Quarter after eight.

By now I’ve read a quarter of David Copperfield and the meaning of Blunderstone Rookery is more apparent: Clara’s marriage to Murdstone was a mistake, but owing to her misjudgment or to his deception is difficult to tell. It might be both. At any rate, the situation crushed her spirit and she died along with her new baby. Eventually, David bolted from his London job washing liquor bottles as a ten year old to go find his Aunt Betsey in Dover, where he hoped for a chance at a better life for himself. Now it looks like he’ll be a student in Canterbury, while Murdstone is no longer a problem for him since his aunt verbally boxed his ears and dismissed him back to Blunderstone with his sister.

It was pretty cool how David made friends with Mr Dick, Miss Betsey’s associate in the house, flying a seven foot kite in the afternoons. The words scribbled on the paper of the kite, it was hoped, would make sense with the guidance of the winds while it flew in the sky. Mr Dick is a bit crazy, taken under Betsey’s wing, writing his “memorial” every day that he’ll never finish due to his madness. Still he keeps at this exercise in futility. All in all, he is harmless and a bit of a sad case, though a devoted friend. 

Leverkuhn

Quarter of five.

It was beautiful yesterday. Just now I feel old and worn out, needing rejuvenation. Oddly, in my sleep I was playing the bass, doing fretboard chess moves. What was the song? We play the wrong song but we got the right notes. If only we could hear what we’re doing, listen to the whole symphony. Would it jar on the ear? Like paints shot at a canvas randomly. The noise of Schoenberg. Studied dissonance. It goes beyond randomness to something evil, if you’re a Christian. I guess that’s the million dollar question for Thomas Mann. I left a copy of Doctor Faustus in my hotel room five years ago; I wonder why I did that. Did somebody read it? 

Nighthawk

Quarter after eleven.

It’s rather weird to be up so late at night, like something out of a painting: the nighthawks at the midnight cafe, when people have no secrets perhaps, and the rhythm of everything feels different, and you are privy to that rhythm. 

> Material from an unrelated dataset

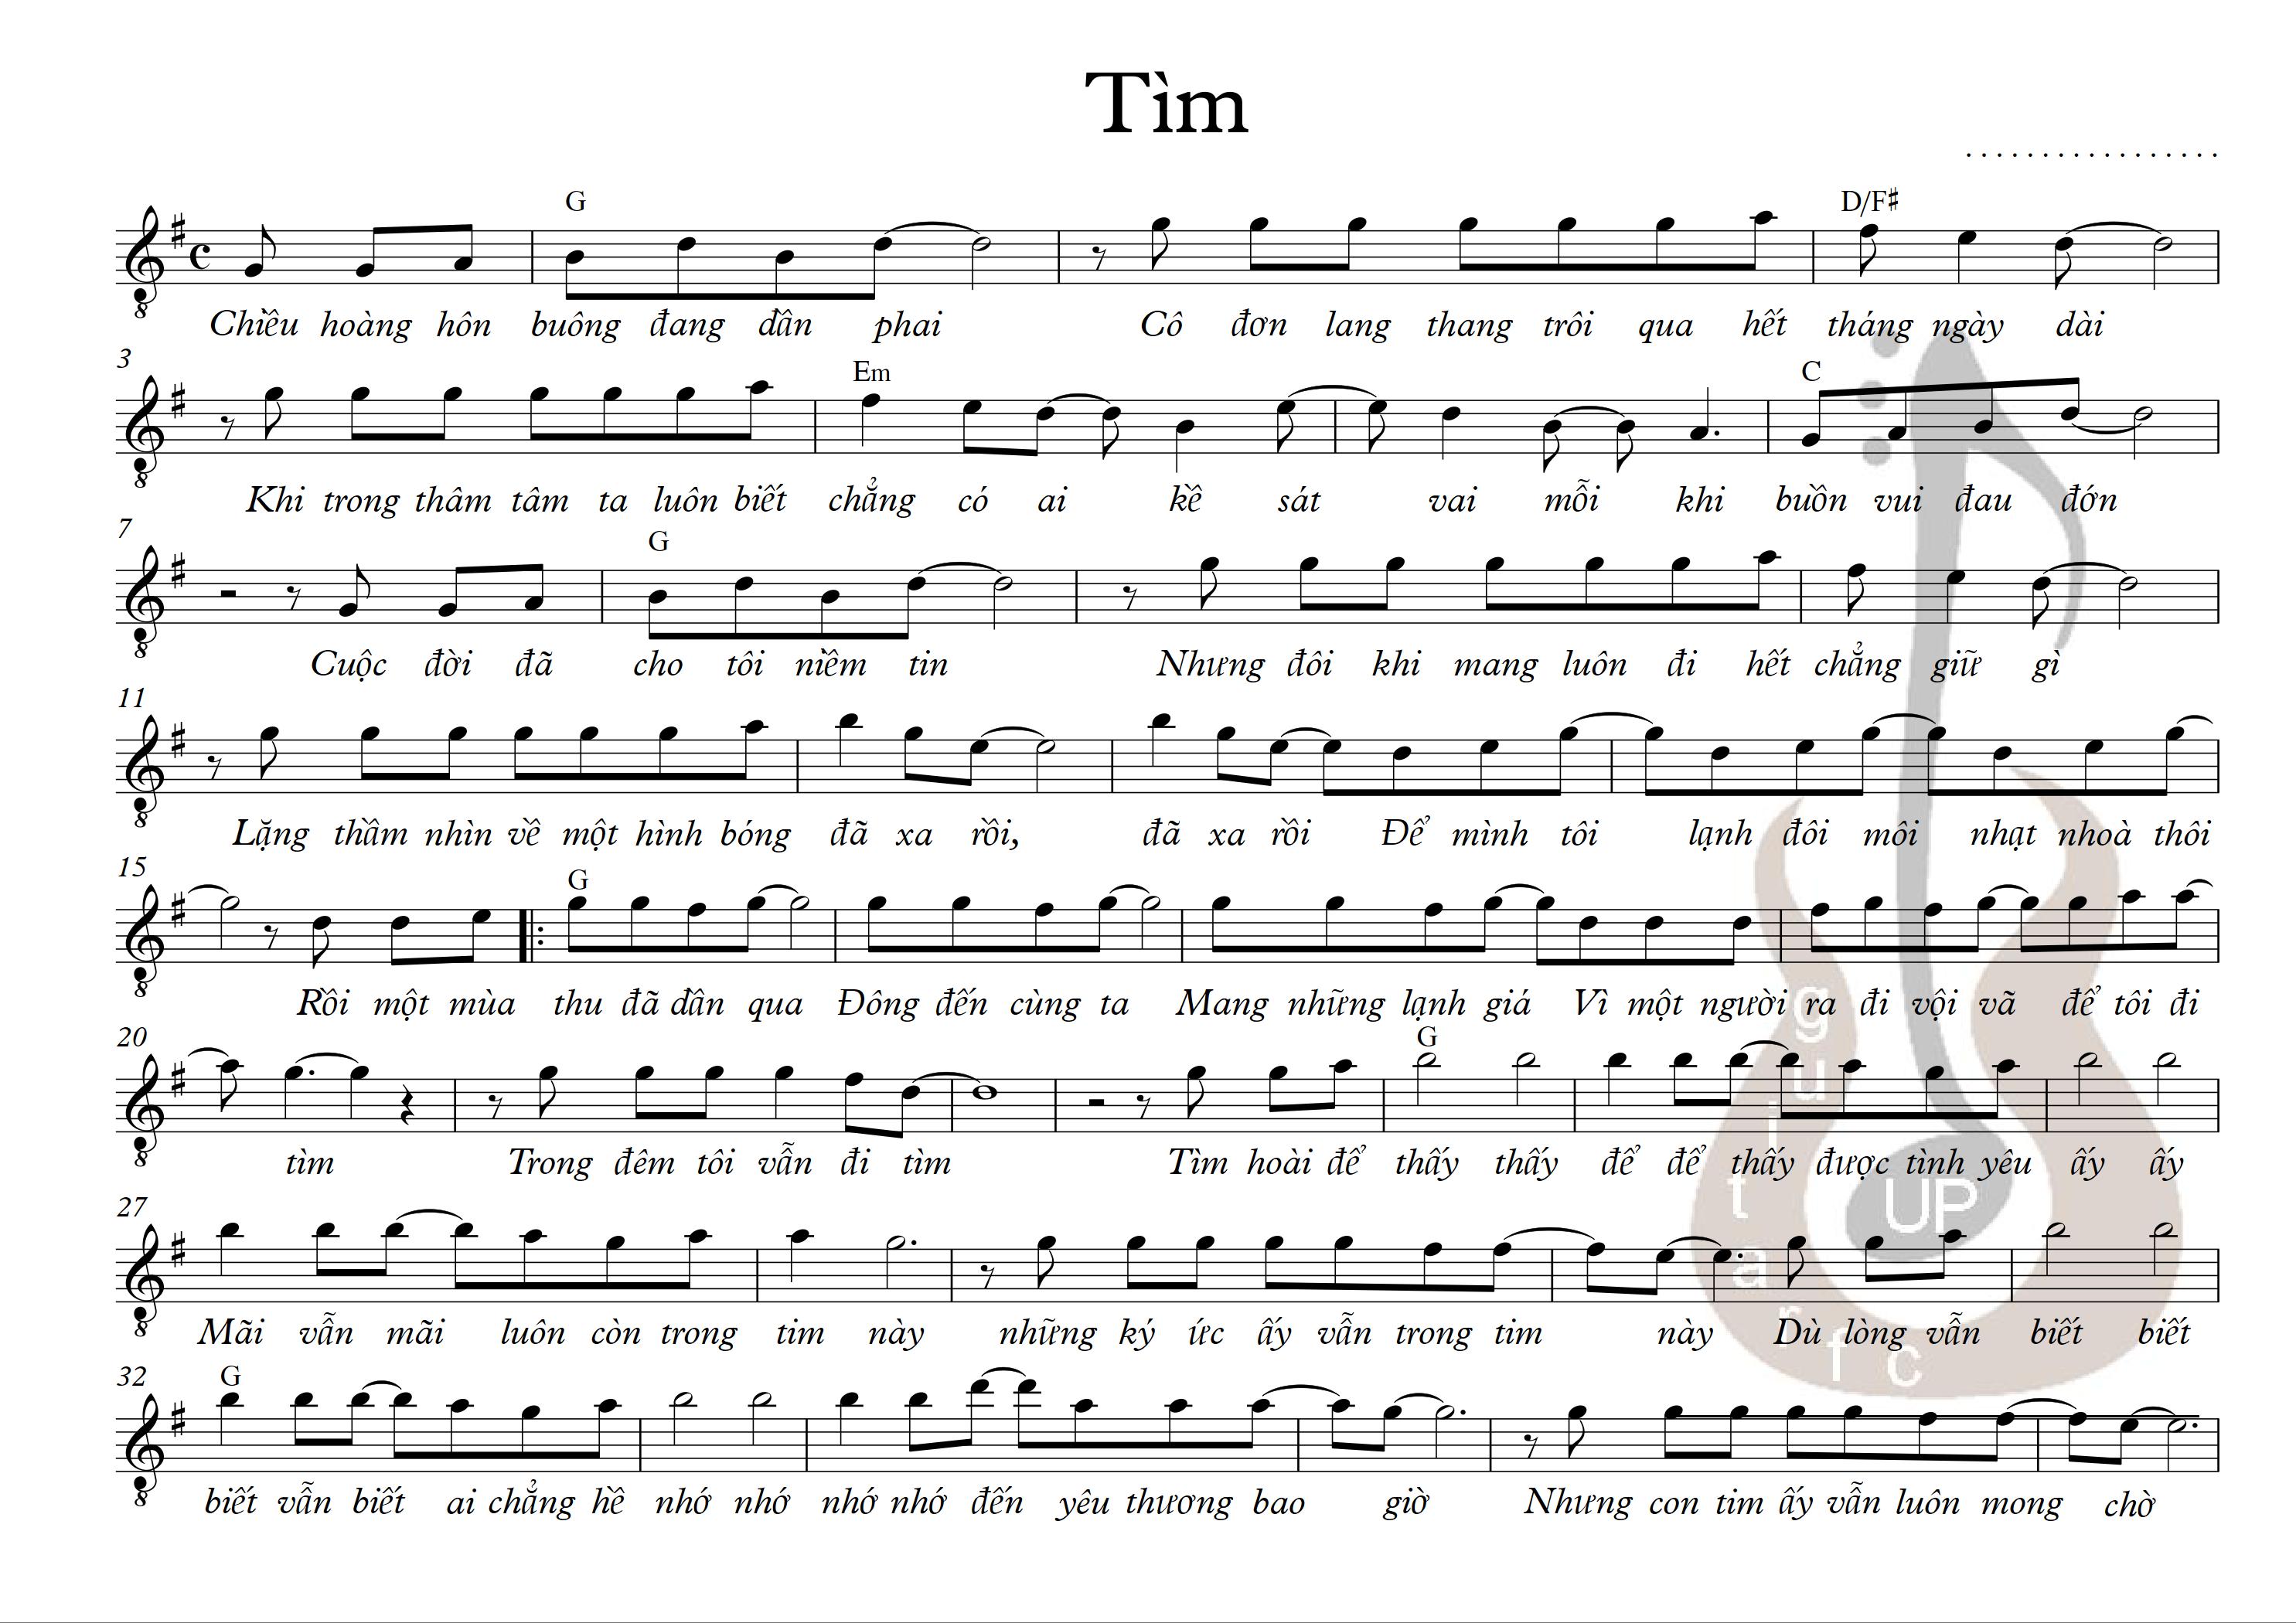 Tim 01

Friday morning I recommended a book to a friend; I said The Portable Jung was still the best introduction to his own writings, mostly because of Joseph Campbell. I was just surfing on Amazon for Philosophies of India by Heinrich Zimmer, edited and finished by Joseph Campbell. The latter left his mark in a lot of places. He reputedly helped Swami Nikhilananda with the translation of the Upanishads and the Bhagavad Gita. I’d like to see a comeback for Eastern philosophy and religion in the USA, or perhaps I’ve been stuck in a rut with the same Christian church for too long. After a while you tend to overdose on particular ways of thinking. 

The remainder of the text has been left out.